His life with drugs began with LSD while at boarding school at age 14. In the years before he had experienced the assassinations of his two uncles and his parents' divorce in 1966.
With heroin and other opioids as his substances of choice, Lawford leapt into deeper substance abuse in drug-heavy 1970s Hollywood, where his father also abused drugs and alcohol as his career faded. Peter Lawford died in 1984. Patricia Kennedy died in 2006.
In his memoir, Christopher Lawford told tales of mugging women for money, panhandling in Grand Central Station and getting arrested twice for drug possession before getting sober at 30.
"There are many days when I wish I could take back and use my youth more appropriately," Lawford told The Associated Press in 2005. "But all of that got me here. I can't ask for some of my life to be changed and still extract the understanding and the life that I have today."
Patrick Kennedy, the former congressman from Rhode Island whose father is Edward M. Kennedy, said his cousin "did something very difficult," airing family secrets and temporarily hurting his relationships within the Kennedy clan when he wrote his book.
"He had the courage to know that he had to find himself, and he wasn't going to be able to do it while holding on to the old family narrative," Kennedy said.
Lawford was "tormented by the fact" that for a time he was estranged from his sisters, Patrick Kennedy said.
"Over the years of recovery, he ended up reconciling with his sisters, happiest I ever saw him," Kennedy said.
His life's work became helping others recover — including his cousin.

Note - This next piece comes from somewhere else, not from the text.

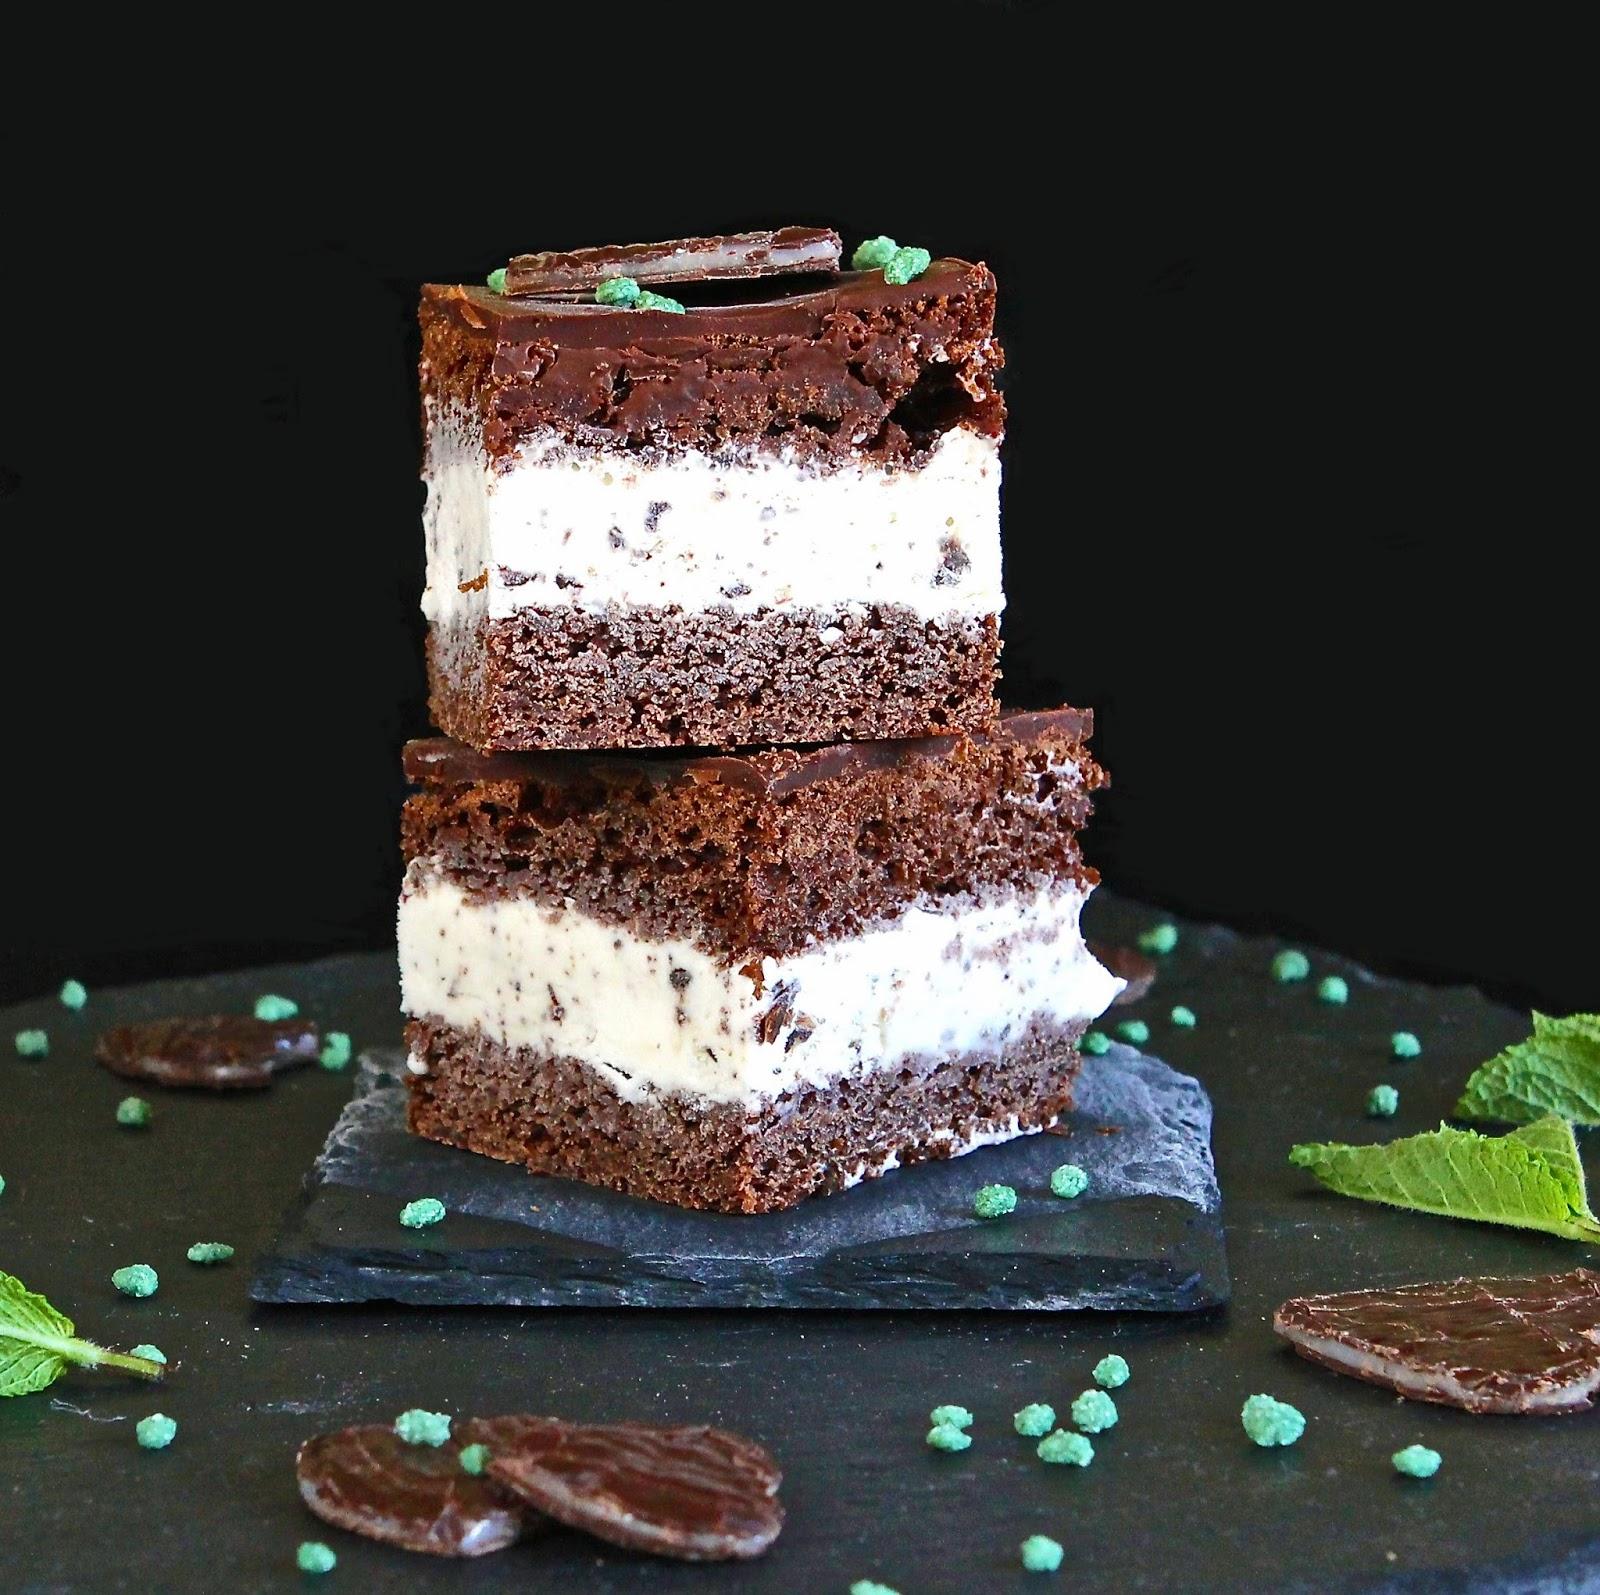 Sponge Cake Ice Cream Dessert

"He was the absolute cornerstone to my sobriety, along with my wife," Patrick Kennedy said (the former politician had been addicted to drugs and alcohol). "He was the one who walked me through all the difficult days of that early period."
After his memoir, Lawford authored several more books on addiction and recovery, most recently 2015's "What Addicts Know."
He worked steadily as an actor, with moderate success. He had a small part in 2003's "Terminator 3: Rise of the Machines," made appearances on TV shows including "Frazier" and "The O.C." and had recurring roles on the soaps "All My Children" and "General Hospital," playing a senator in the latter.
He told the AP in 2005 that his famous dual identities both helped and hurt him in Hollywood.
"The names give you entree, absolutely, but it's a kind of a double-edged sword," he said. "People do pay attention to you, but nobody gets ahead in Hollywood unless they are really lucky or they deserve it."
He is survived by his sisters, Sydney, Victoria and Robin, and his children, David, Savannah and Matt.